Action item
Leave out every picture, and restate word for word only the lines from the one containing "Rum & raisin" through the end of the material.

Supplied information

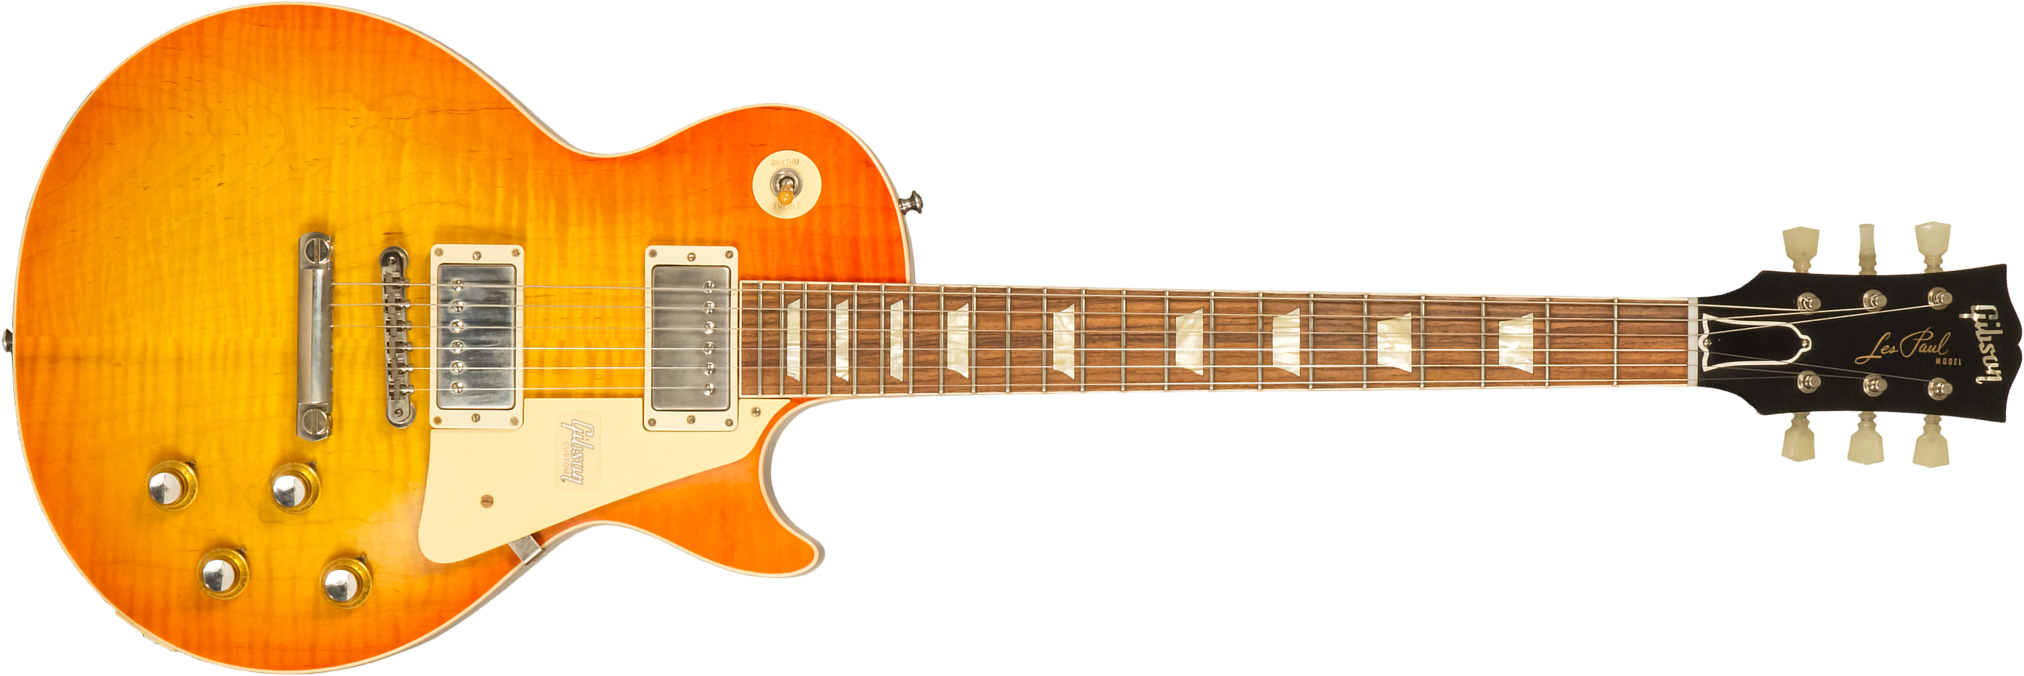 Gibson Custom Shop Les Paul Standard 1960 V2 60th Anniversary 2h Ht Rw #0600 - Vos Orange Lemon Fade - Enkel gesneden elektrische gitaar - Main pictur
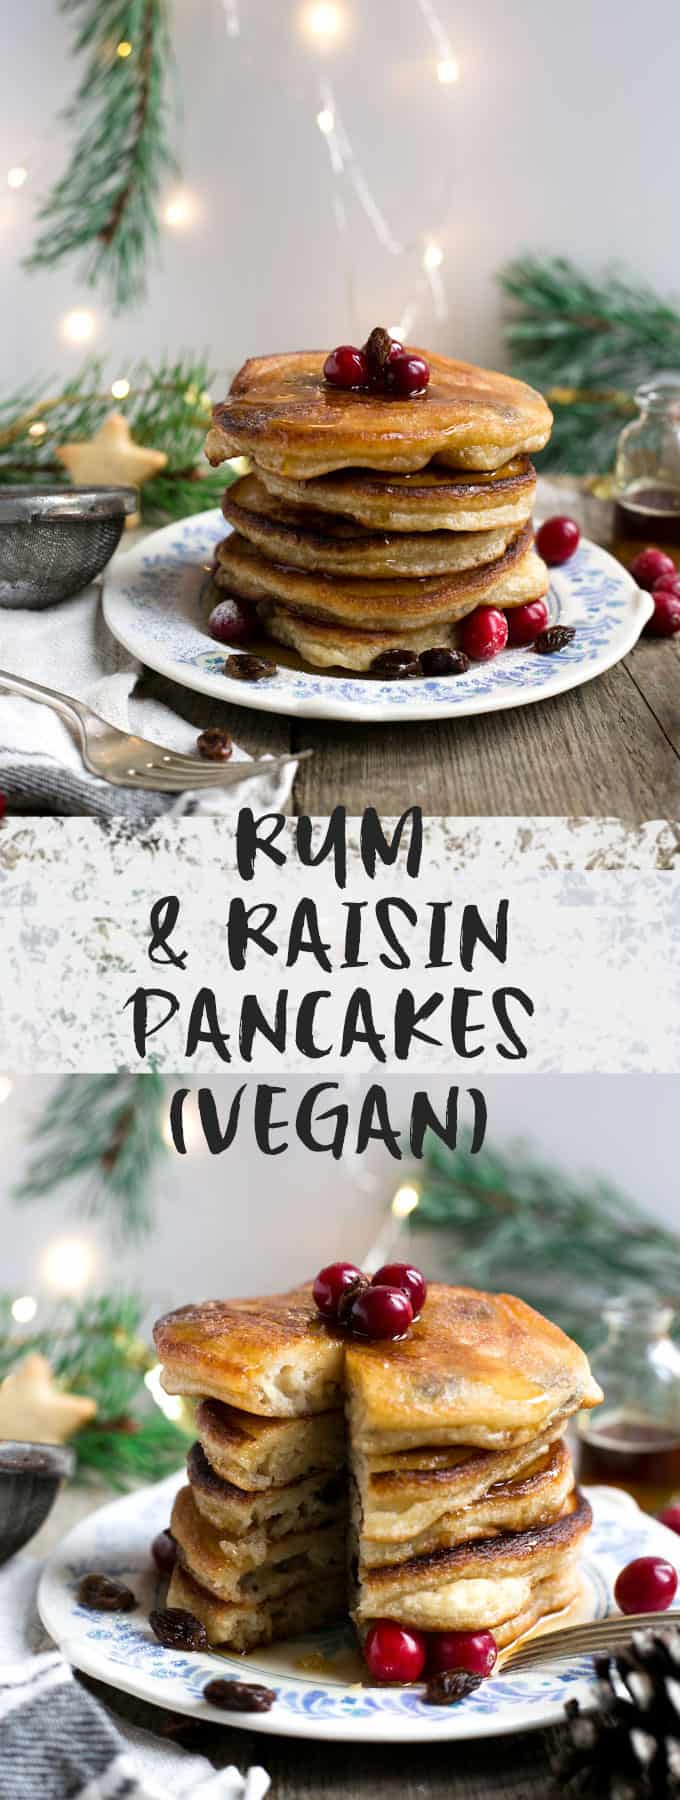 Rum & raisin pancakes, soft, fluffy and festive treat for Christmas morning! #vegan #pancakes #christmas | via @annabanana.co
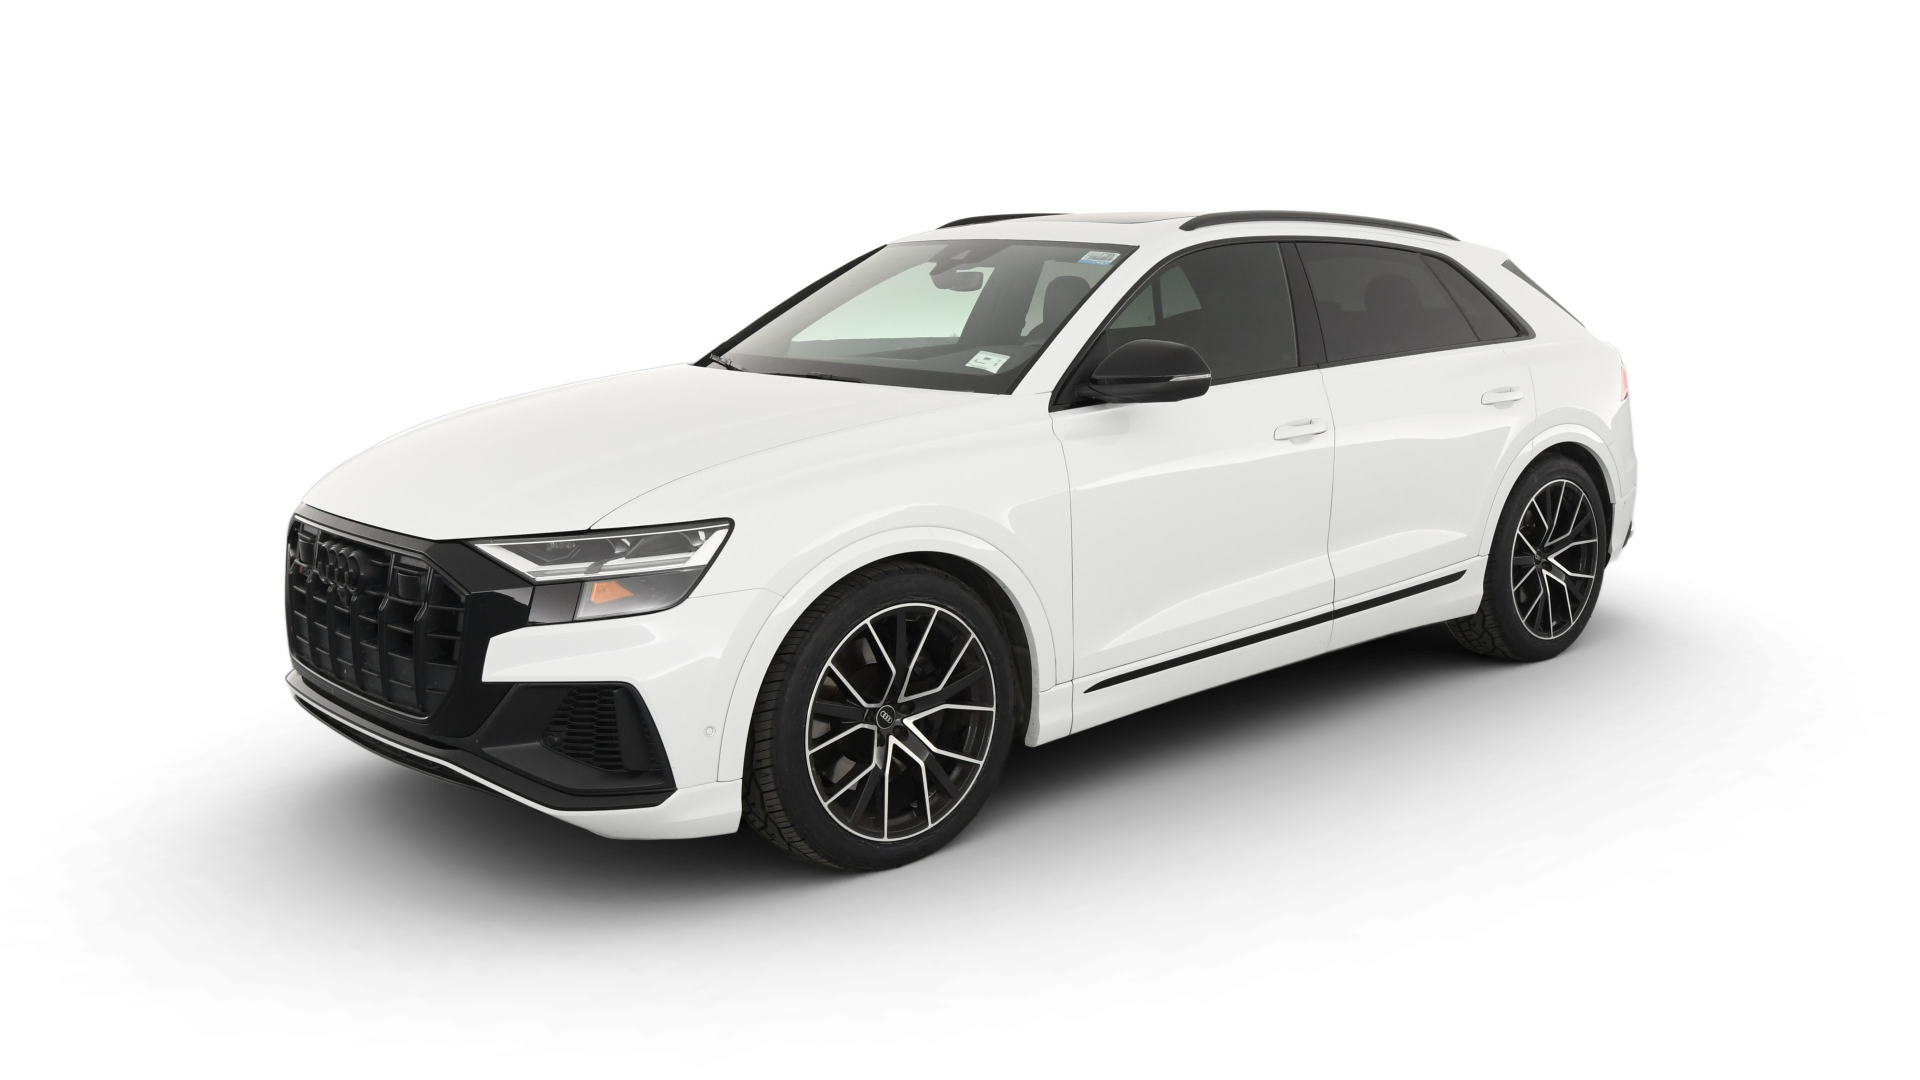 Audi SQ8 model image.

Written response
 Rum & raisin pancakes, soft, fluffy and festive treat for Christmas morning! #vegan #pancakes #christmas | via @annabanana.co
 Audi SQ8 model image.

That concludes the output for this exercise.